A CEO's job gets more complex as a company shrinks. First, she has to decide which business units should be divested and decouple them from the firm. She has to work with the managers of the units being divested, who naturally may fight the decision and try to save their jobs. She also has to find suitable buyers, negotiate with them and hand over the business in good order. Finally, she has to address the survivor trauma in the managers and employees who remain. All these duties multiply if the firm is engaging in a number of divestitures at the same time.

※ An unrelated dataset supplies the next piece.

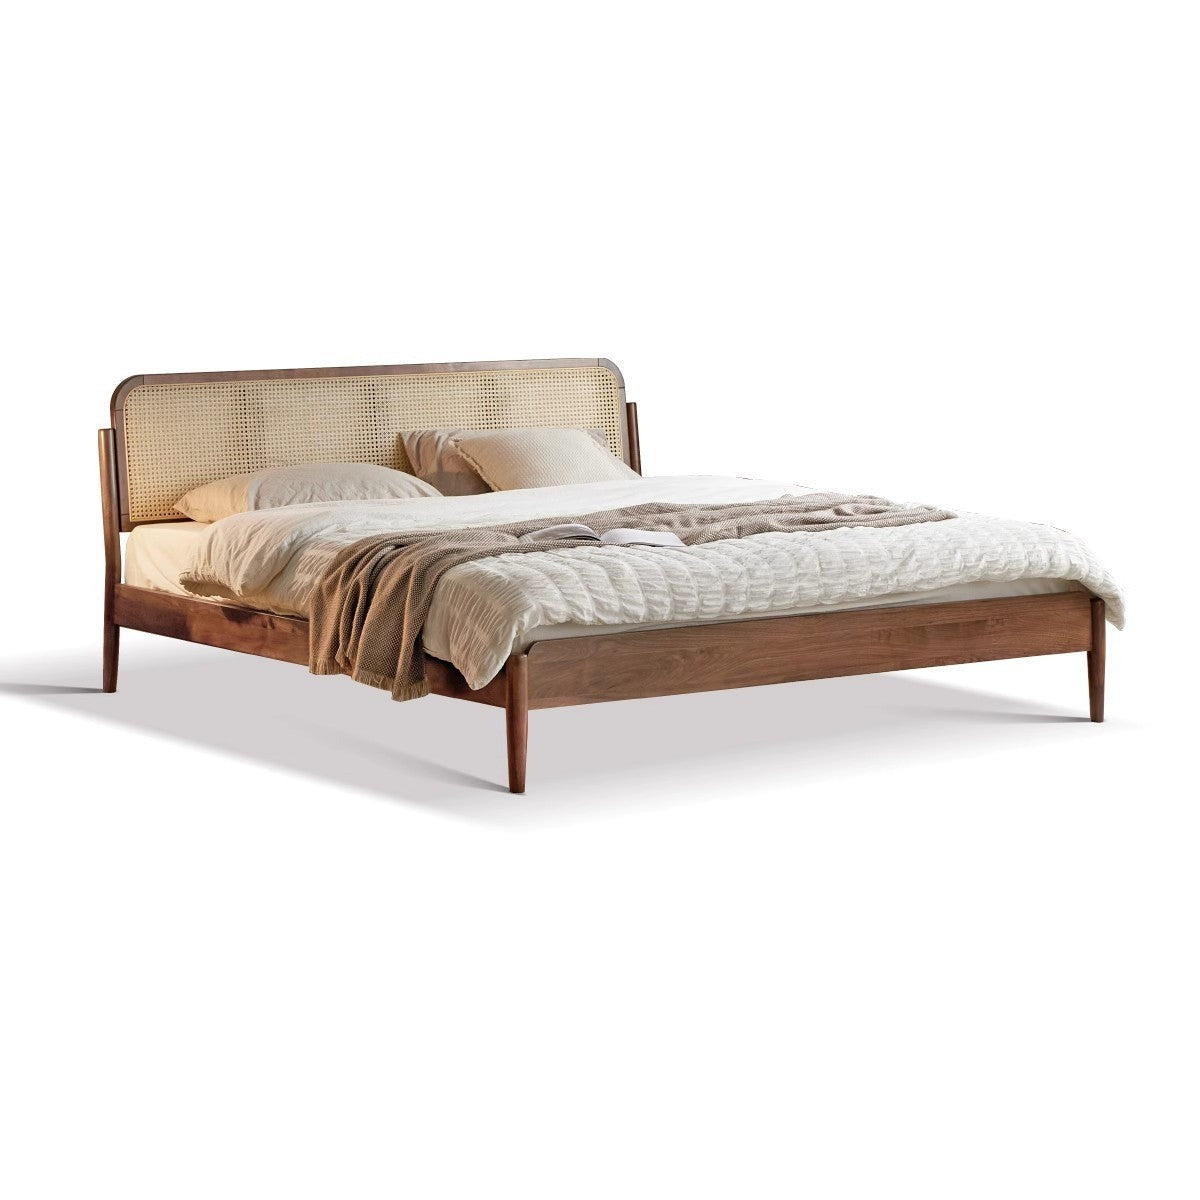 North American Black Walnut Solid wood rattan bed"
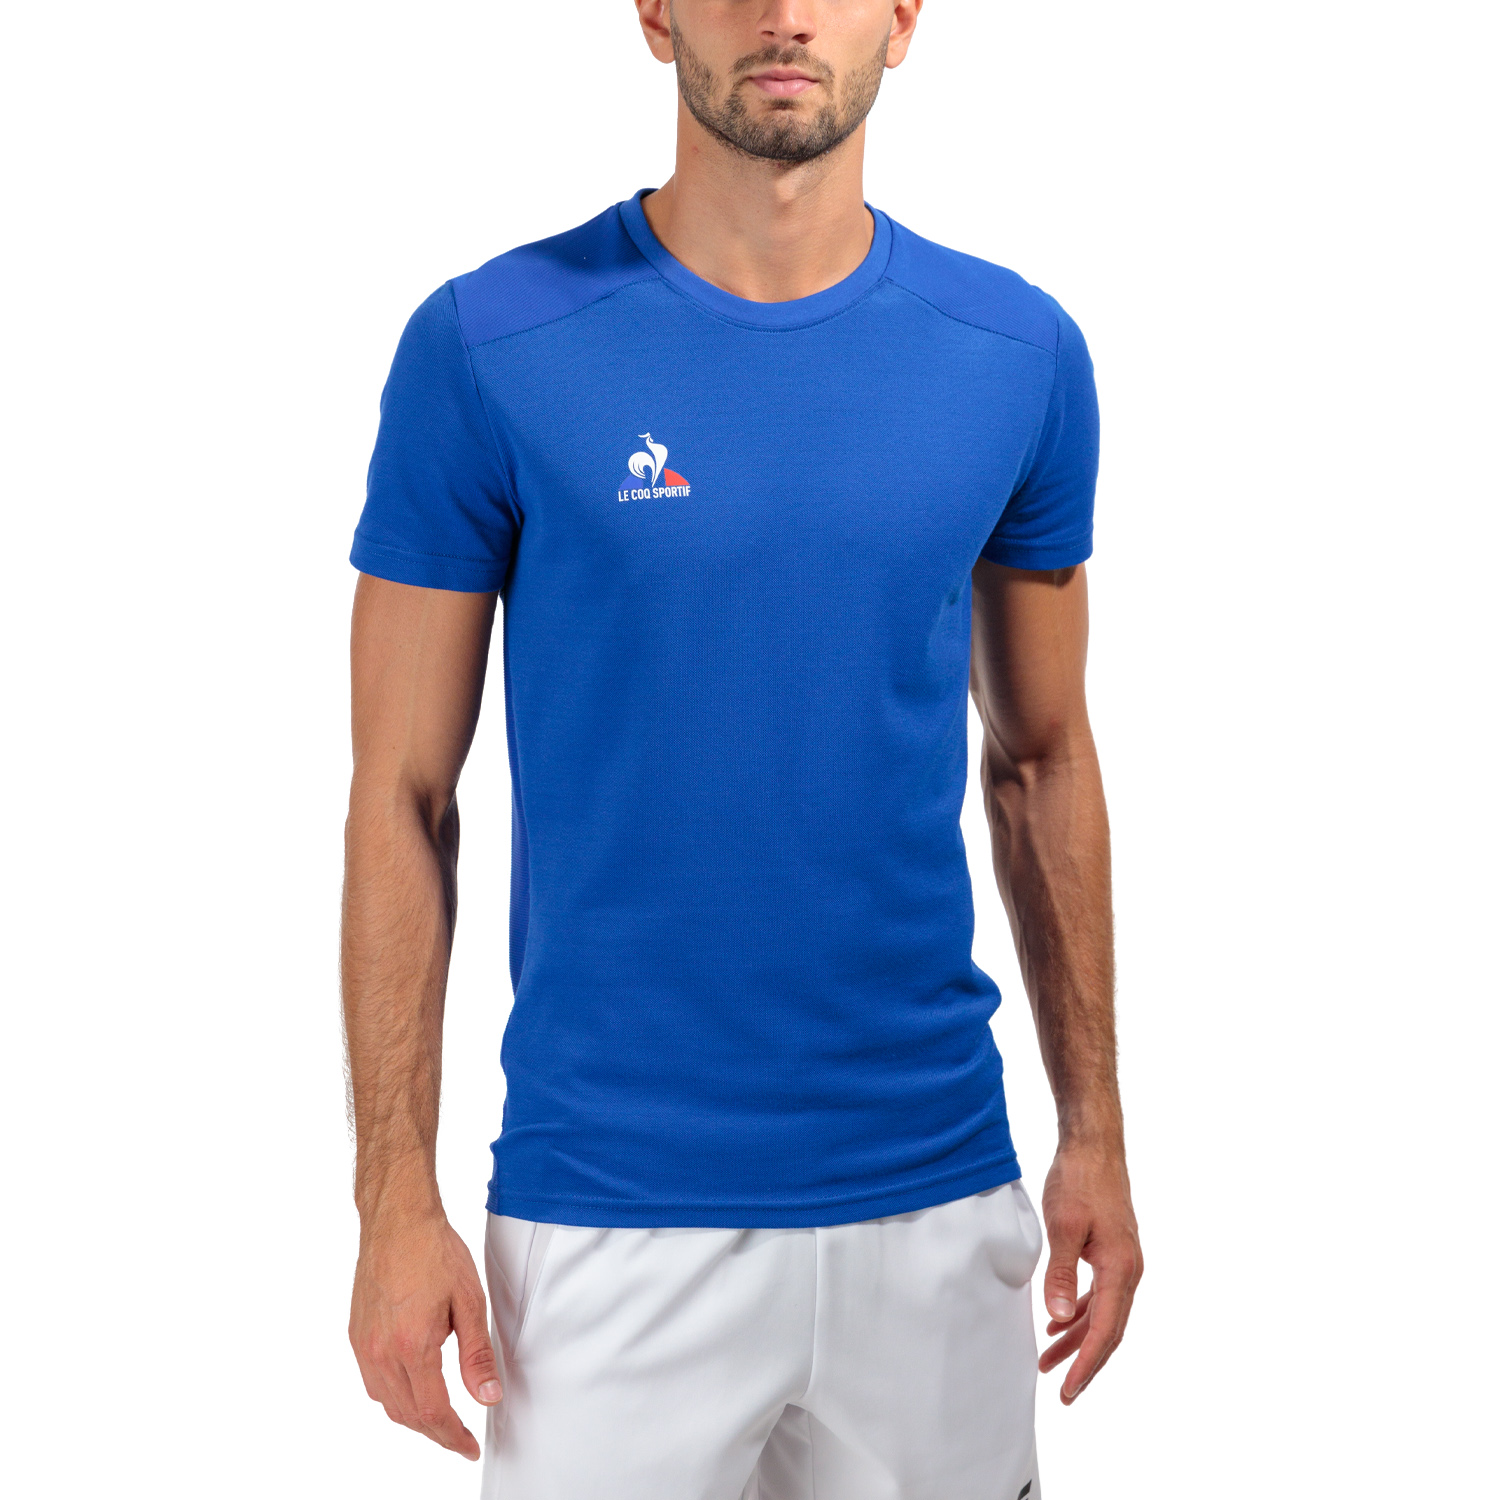 Le Coq Sportif Performance Camiseta - Cobalt

To better understand how firms compensate their CEOs in these situations, Hoskisson and his coauthors gathered samples of refocusing firms in a range of American industries. Altogether, they examined 227 divestiture programs that added up to a total of 1,395 individual divestitures.

What they found: Firms settle up more generously when recent performance is good and when the board of directors is dominated by independent director monitors. The settling up, in other words, depends not only on the intensity of the strategic change, but on its context. And this variation in compensation amounts has a range of consequences.

Refusing to pay CEOs for the increased risk and complexity they take on when overseeing divestitures ends up creating behavior that is destructive to the firm. Executives who worry that the risk and effort associated with strategic change could lower their pay will often balk at facilitating that change – especially if they designed and created the portfolio of businesses that generated the need to restructure. Alternatively, when the refocusing process is long and arduous, they also may grow dissatisfied with their jobs and act opportunistically, maximizing short-term profits at the long-term peril of the firm.

Predicting either the intensity or outcome of a refocusing project is always going to be dicey. So is guessing how much uncertainty a CEO can tolerate about his or her compensation. For CEO and company both, Hoskisson’s team concluded, settling up after the fact is better business. Board and executives both can focus on refocusing. The CEO isn’t walking a tightrope between a safe paycheck and the long-term health of the firm. And the board can be more confident that the company’s leader isn’t dodging risks at the very moment he or she needs nerves of steel.


Robert E. Hoskisson is the George R. Brown Emeritus Professor of Management at Jones Graduate School of Business at Rice University.

To learn more, please see: Pathak, S., Hoskisson, R. E., & Johnson, R. A. (2014). Settling up in CEO compensation: The impact of divestiture intensity and contextual factors in refocusing firms. Strategic Management Journal, 35(8), 1124–114.